==== PROVIDED DATA

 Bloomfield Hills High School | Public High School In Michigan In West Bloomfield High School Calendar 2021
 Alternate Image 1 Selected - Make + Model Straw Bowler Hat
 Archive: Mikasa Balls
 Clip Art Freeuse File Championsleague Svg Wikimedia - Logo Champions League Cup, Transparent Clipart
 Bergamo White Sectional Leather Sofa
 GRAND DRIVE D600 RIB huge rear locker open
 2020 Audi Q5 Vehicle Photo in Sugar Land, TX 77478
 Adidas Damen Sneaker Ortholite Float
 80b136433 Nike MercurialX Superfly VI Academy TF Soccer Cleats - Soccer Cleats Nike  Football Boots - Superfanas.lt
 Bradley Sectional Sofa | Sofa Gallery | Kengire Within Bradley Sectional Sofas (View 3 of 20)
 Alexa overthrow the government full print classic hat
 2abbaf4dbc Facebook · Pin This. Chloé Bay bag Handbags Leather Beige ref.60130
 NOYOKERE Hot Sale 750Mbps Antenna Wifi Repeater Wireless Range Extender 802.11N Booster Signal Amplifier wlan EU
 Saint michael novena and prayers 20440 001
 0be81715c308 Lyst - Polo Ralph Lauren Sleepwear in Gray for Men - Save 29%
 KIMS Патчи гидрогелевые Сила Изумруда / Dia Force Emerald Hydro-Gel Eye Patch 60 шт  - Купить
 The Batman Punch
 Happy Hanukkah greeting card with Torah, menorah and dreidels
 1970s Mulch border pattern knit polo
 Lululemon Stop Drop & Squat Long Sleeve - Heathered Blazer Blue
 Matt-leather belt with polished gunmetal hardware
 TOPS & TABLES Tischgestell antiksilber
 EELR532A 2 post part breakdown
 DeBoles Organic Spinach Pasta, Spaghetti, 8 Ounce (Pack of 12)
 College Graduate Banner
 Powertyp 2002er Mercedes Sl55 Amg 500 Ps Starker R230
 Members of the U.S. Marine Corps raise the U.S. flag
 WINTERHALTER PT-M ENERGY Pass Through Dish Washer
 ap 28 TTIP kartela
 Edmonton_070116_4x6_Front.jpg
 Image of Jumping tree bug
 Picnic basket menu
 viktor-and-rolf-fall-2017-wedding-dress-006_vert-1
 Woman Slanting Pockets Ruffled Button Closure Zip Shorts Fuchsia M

========

Of all the entries above, retype exactly the lines from the line with "Saint michael novena and prayers 20440 001" to the line with "ap 28 TTIP kartela", both included, and no others.

 Saint michael novena and prayers 20440 001
 0be81715c308 Lyst - Polo Ralph Lauren Sleepwear in Gray for Men - Save 29%
 KIMS Патчи гидрогелевые Сила Изумруда / Dia Force Emerald Hydro-Gel Eye Patch 60 шт  - Купить
 The Batman Punch
 Happy Hanukkah greeting card with Torah, menorah and dreidels
 1970s Mulch border pattern knit polo
 Lululemon Stop Drop & Squat Long Sleeve - Heathered Blazer Blue
 Matt-leather belt with polished gunmetal hardware
 TOPS & TABLES Tischgestell antiksilber
 EELR532A 2 post part breakdown
 DeBoles Organic Spinach Pasta, Spaghetti, 8 Ounce (Pack of 12)
 College Graduate Banner
 Powertyp 2002er Mercedes Sl55 Amg 500 Ps Starker R230
 Members of the U.S. Marine Corps raise the U.S. flag
 WINTERHALTER PT-M ENERGY Pass Through Dish Washer
 ap 28 TTIP kartela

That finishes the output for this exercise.